**Exercise instructions:**
Please take the lines from the one holding "Workshop with Michael: Banana" through the one holding "Ақша алу. Тенге." in the data below and copy them exactly.

**Dataset records:**
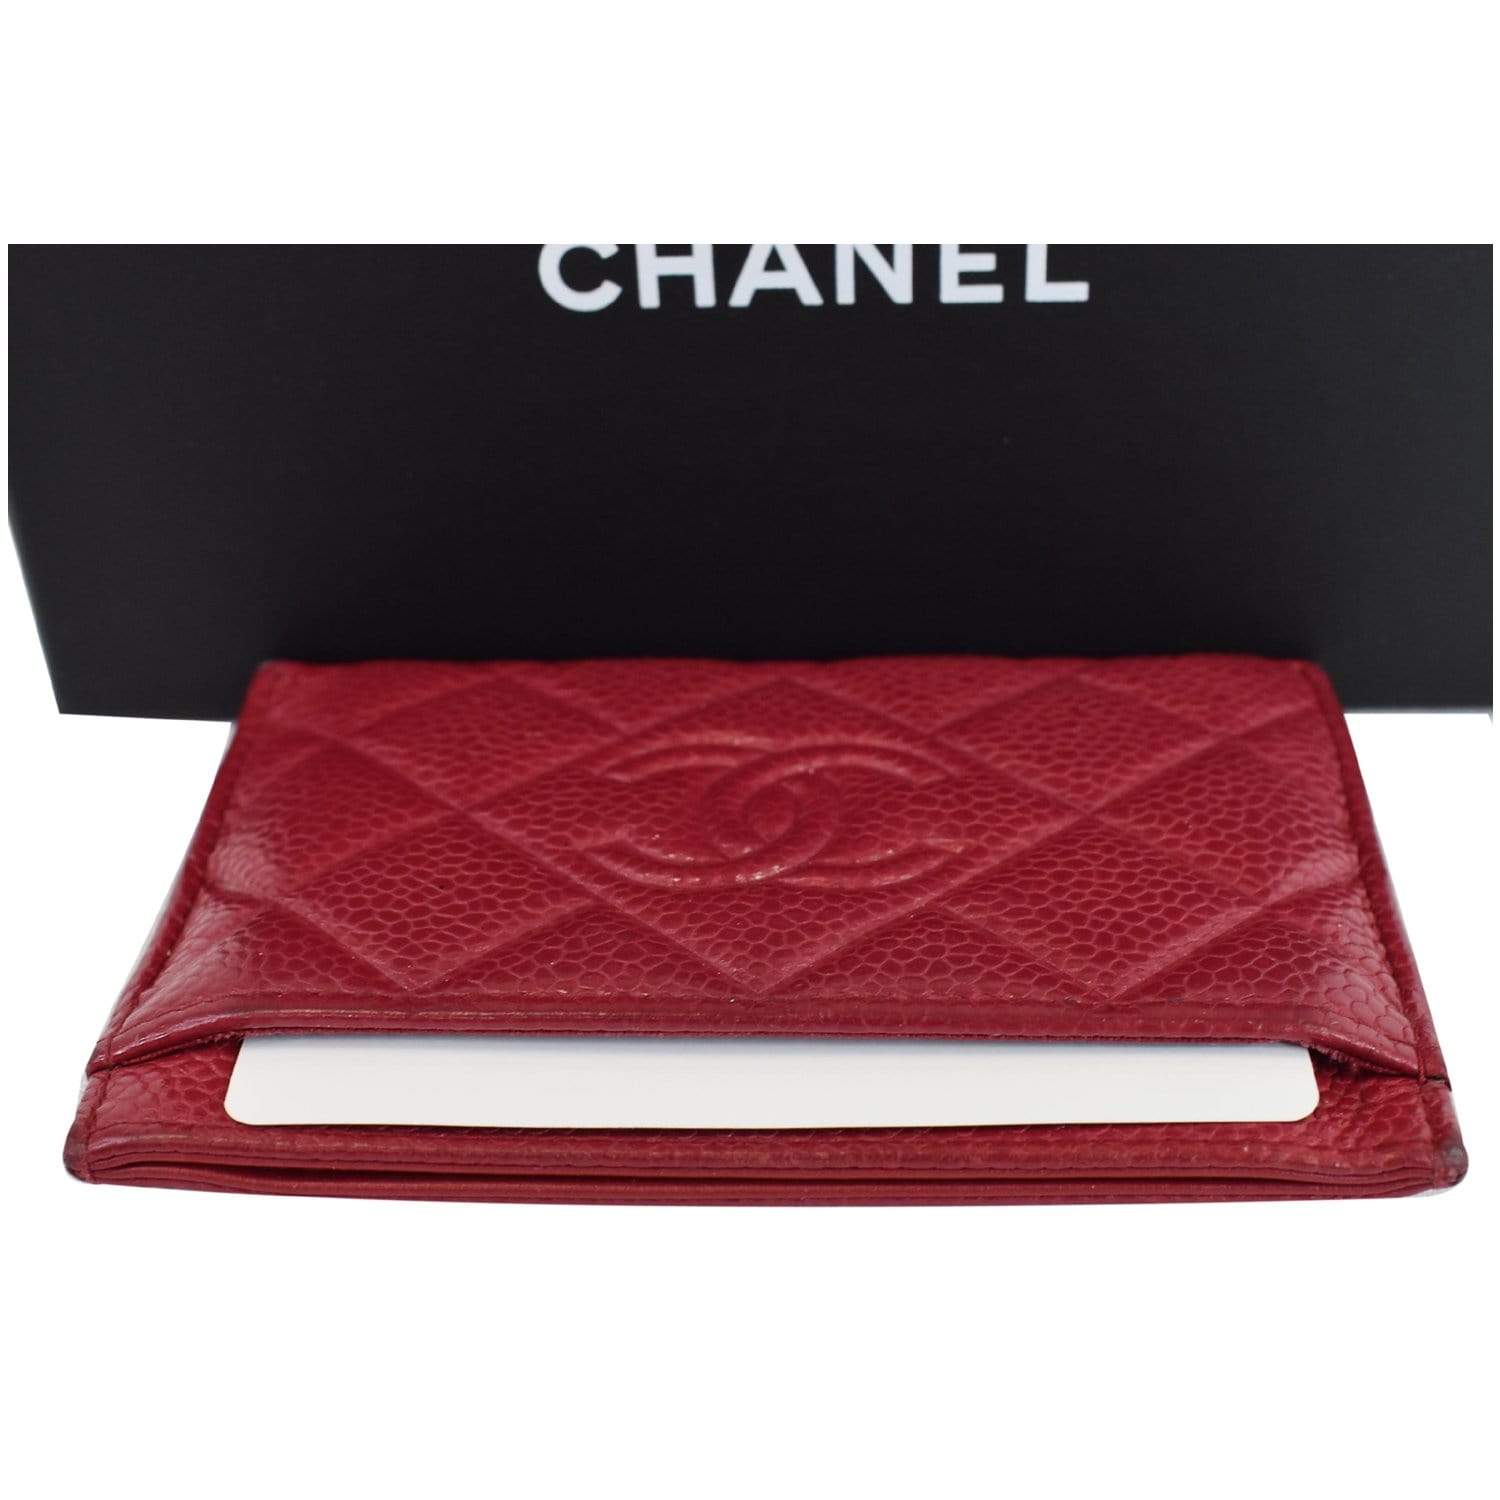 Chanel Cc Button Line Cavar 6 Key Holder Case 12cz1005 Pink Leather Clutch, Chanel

--

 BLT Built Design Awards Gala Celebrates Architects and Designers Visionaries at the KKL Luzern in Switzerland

...

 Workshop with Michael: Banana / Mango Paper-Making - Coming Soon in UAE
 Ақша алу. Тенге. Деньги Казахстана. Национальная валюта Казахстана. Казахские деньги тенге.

**Result below:**
 Workshop with Michael: Banana / Mango Paper-Making - Coming Soon in UAE
 Ақша алу. Тенге. Деньги Казахстана. Национальная валюта Казахстана. Казахские деньги тенге.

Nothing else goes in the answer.